Task details: Word for word, copy the lines from the one with "Quinn Croc Slide" to the last line of the data below, counting both, and keep every picture out.

Source data:
========

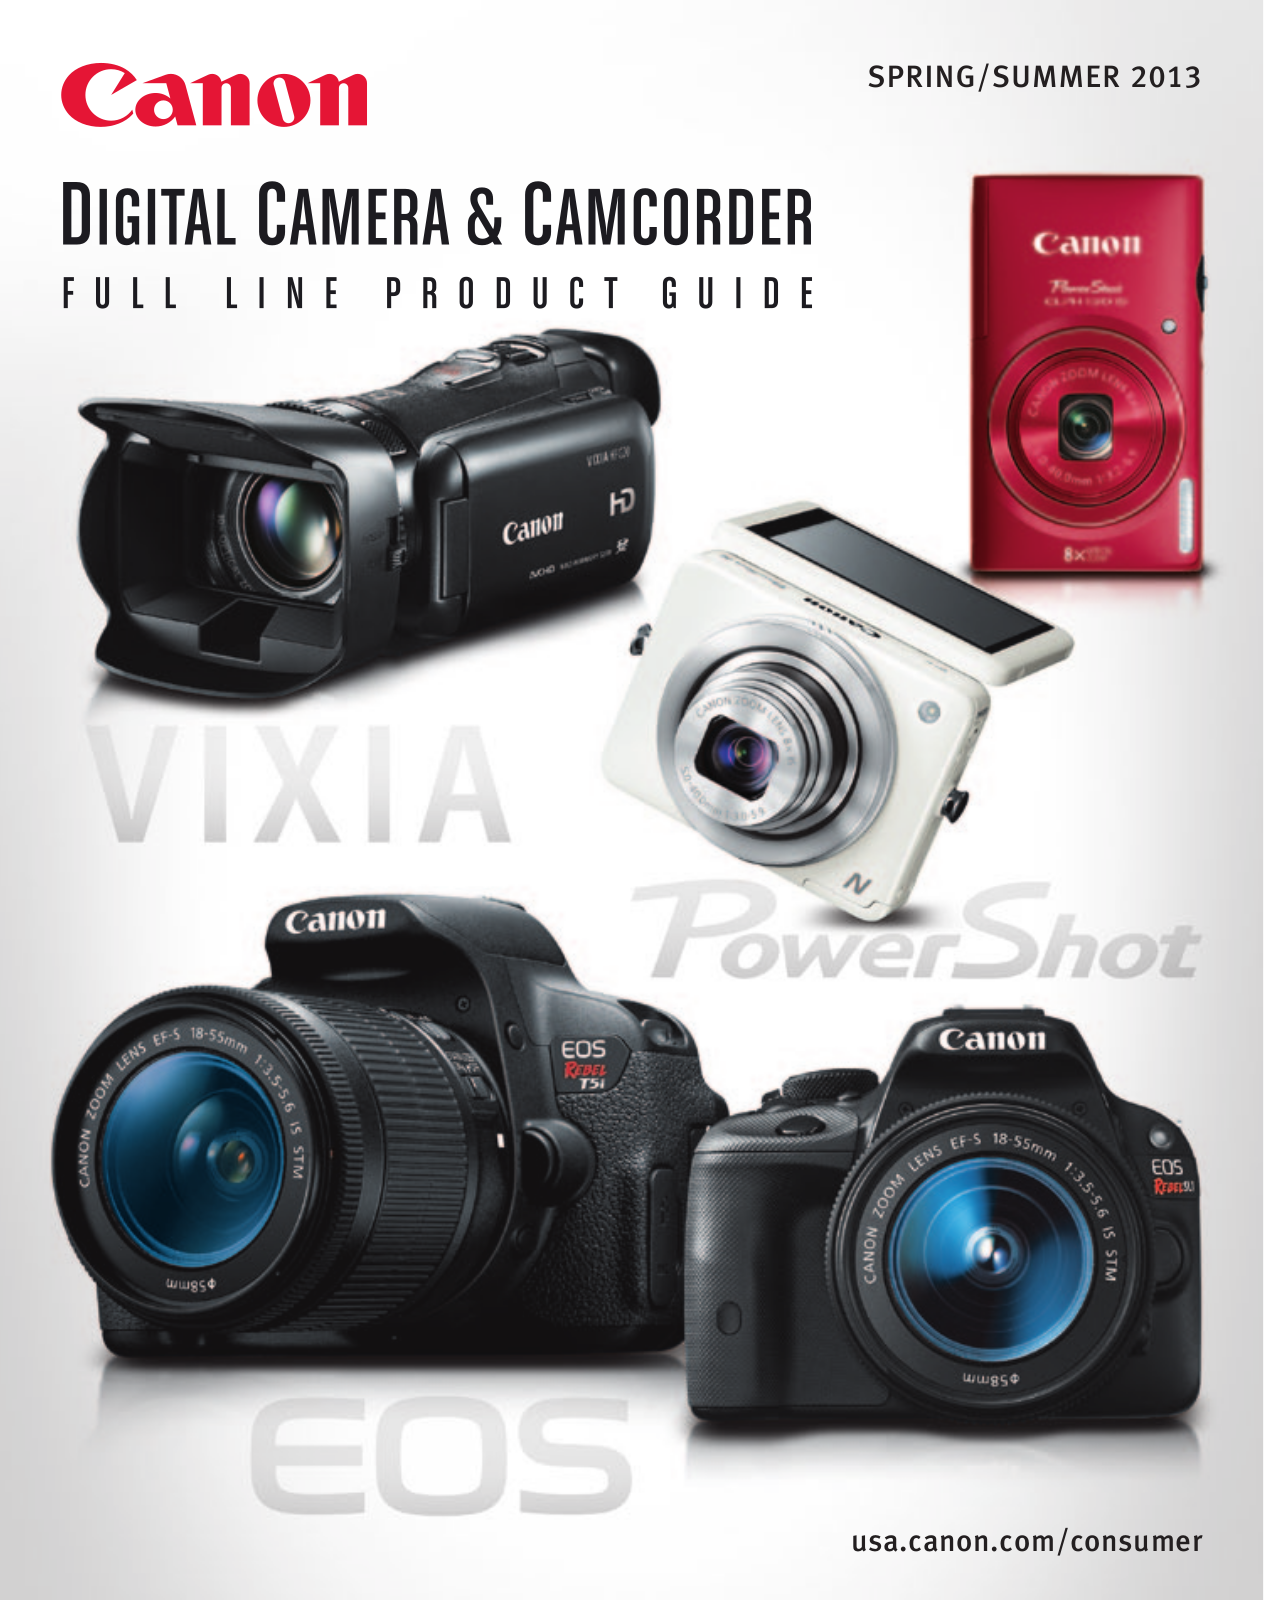 Canon EOS 5D MARK III, VIXIA HF R300, EOS M EF-M 22MM STM, EOS REBEL SL1 18-55MM IS STM, POWERSHOT G1 X Manual
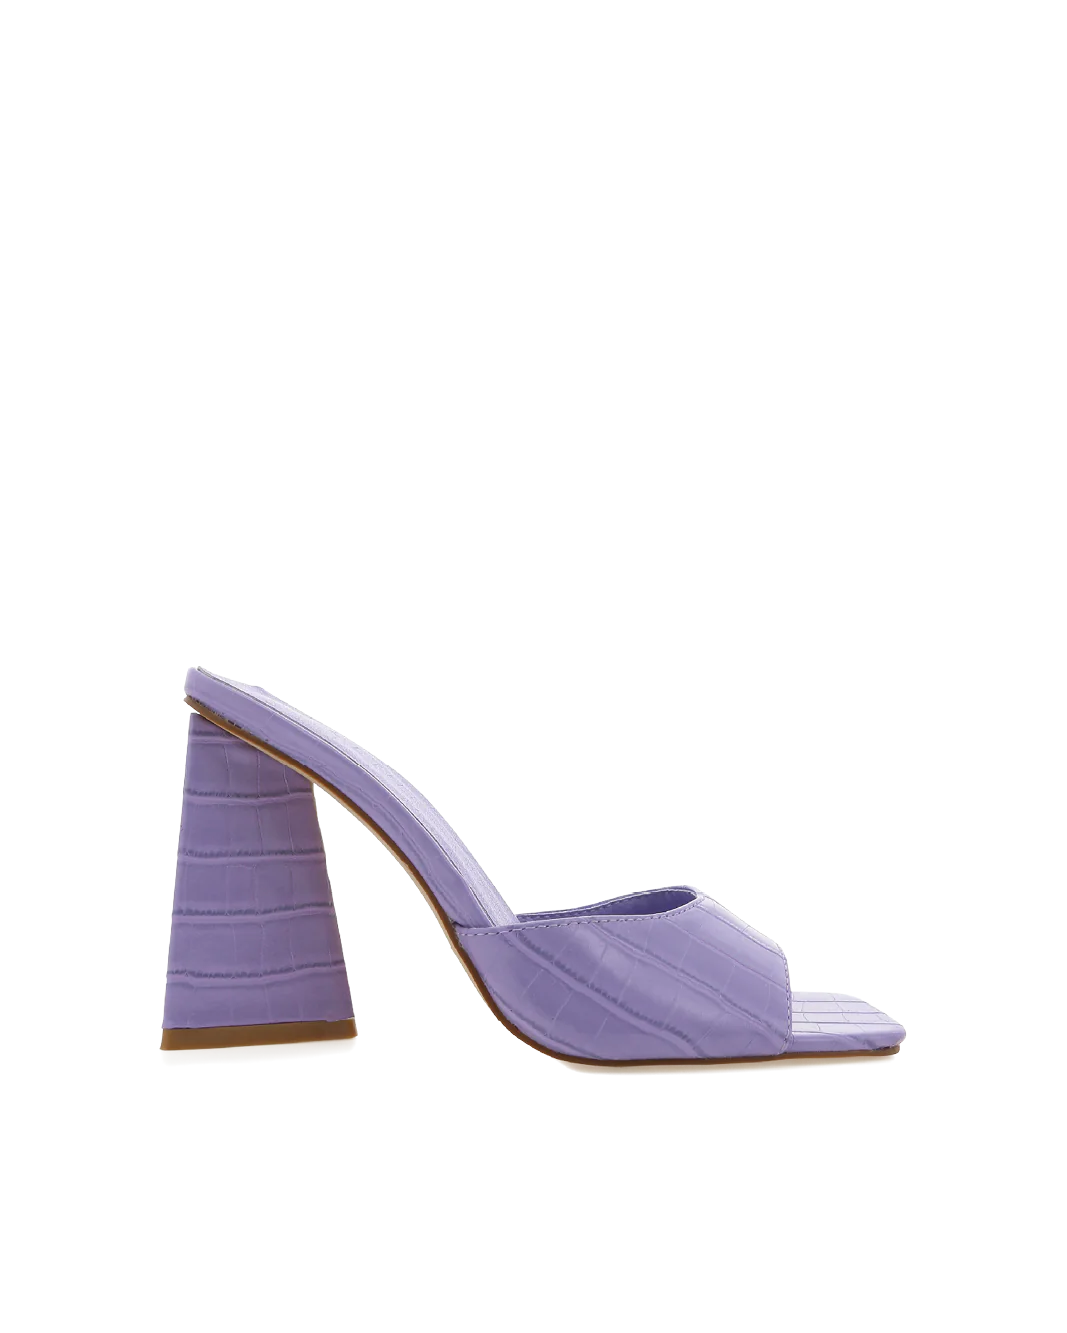 Quinn Croc Slide Lavender, Shoes by Billini | LIT Boutique
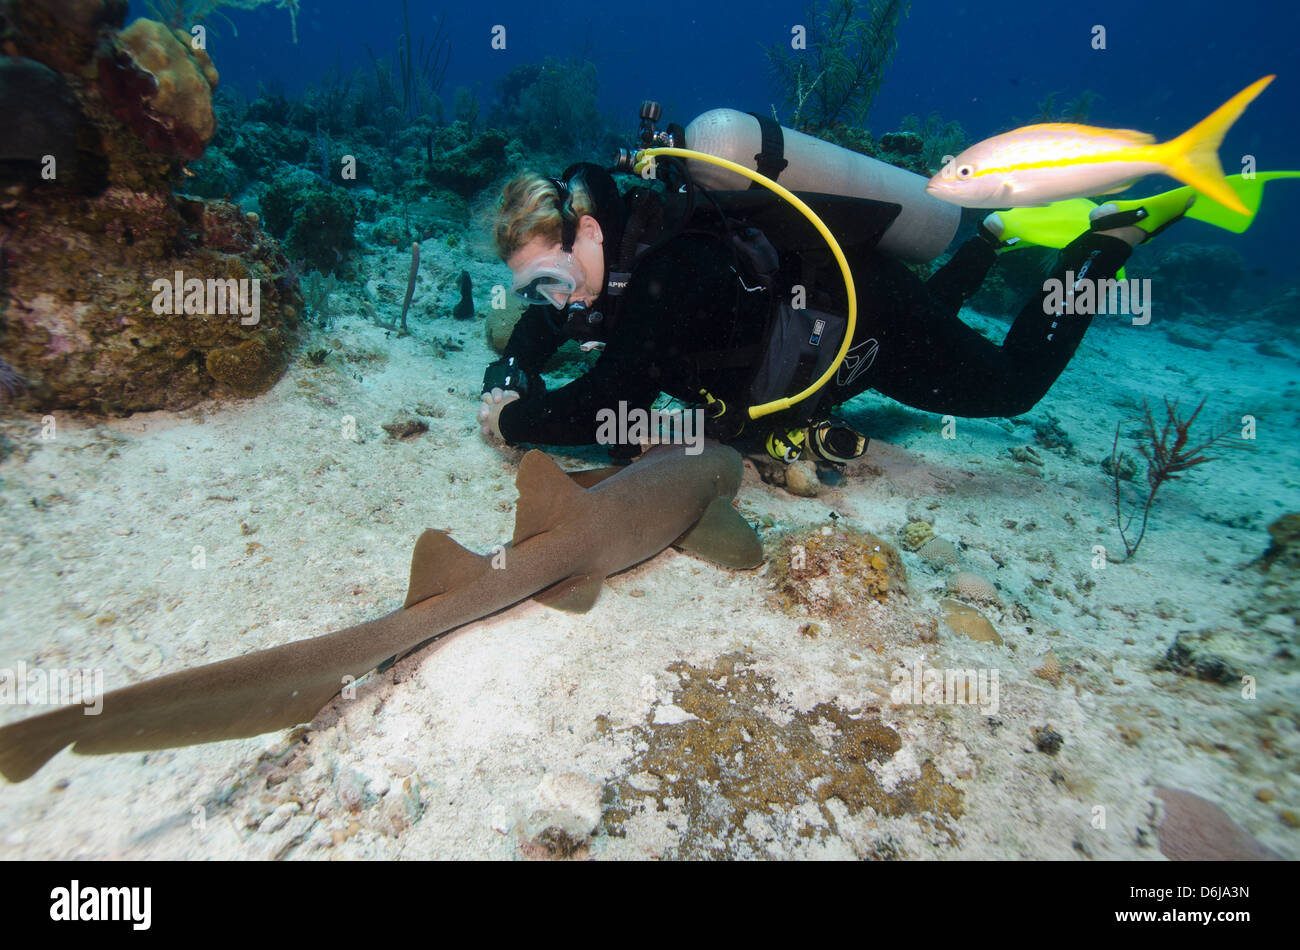 Requin nourrice près de repos un plongeur dans les îles Turques et Caïques, Antilles, Caraïbes, Amérique Centrale Banque D'Images

========

Answer to the exercise:
 Quinn Croc Slide Lavender, Shoes by Billini | LIT Boutique
 Requin nourrice près de repos un plongeur dans les îles Turques et Caïques, Antilles, Caraïbes, Amérique Centrale Banque D'Images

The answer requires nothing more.